Create a Linode account to try this guide with a $ credit.

This credit will be applied to any valid services used during your first days.

Designing applications with high availability (HA) and disaster recovery strategies in mind is essential for minimizing downtime and maintaining business continuity. These strategies are useful in a range of scenarios, including routine infrastructure maintenance and upgrades, application or software failures, operator or human errors, natural disasters, and cyber attacks. This guide provides Akamai Cloud Computing customers with actionable strategies and architectural guidance to build resilient and highly available systems using Akamai services.

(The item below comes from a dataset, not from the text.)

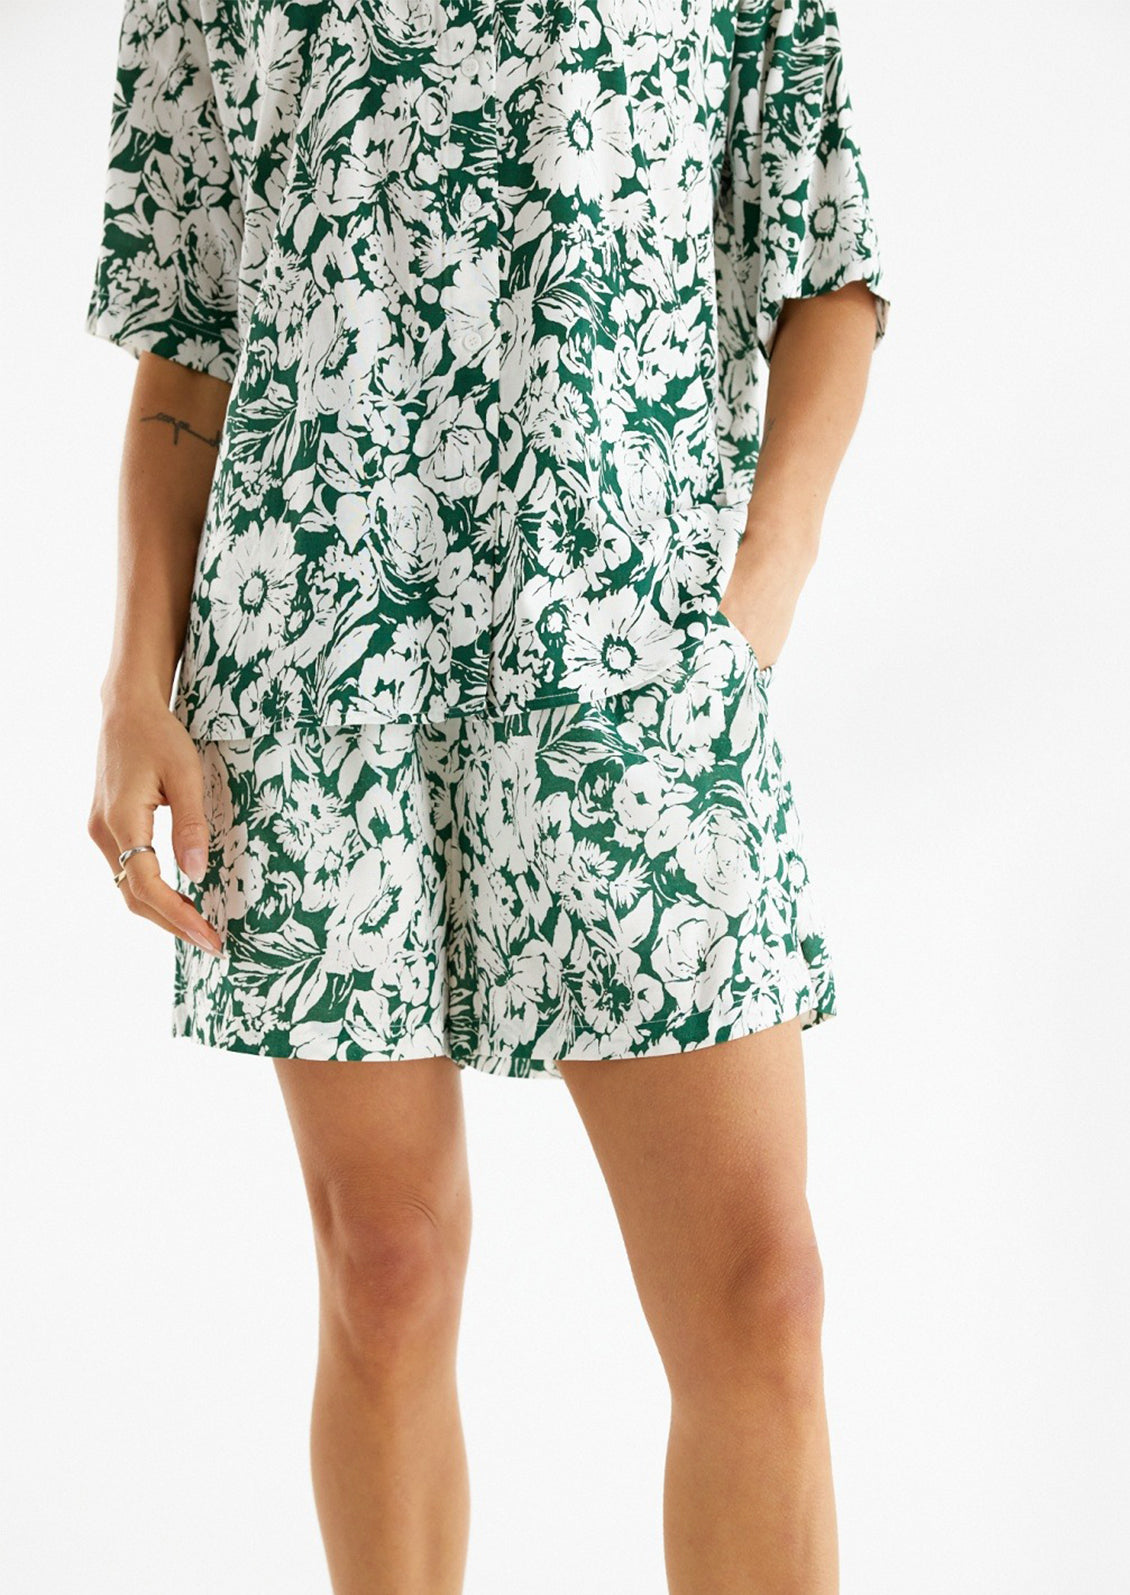 Woman wearing green and white floral printed shorts.

What is High Availability?

High availability (HA) is a term that describes a website or application with maximum potential uptime and accessibility for the content stored on it. While more basic systems can be adequate for serving content to a low or medium number of users, it may include a single point of failure. This means that if one server goes down (because of traffic overload, application failures, etc.) the entire site or application could become unavailable. Systems with high availability avoid this problem by eliminating single points of failure, preventing the site or application from going down if one component fails.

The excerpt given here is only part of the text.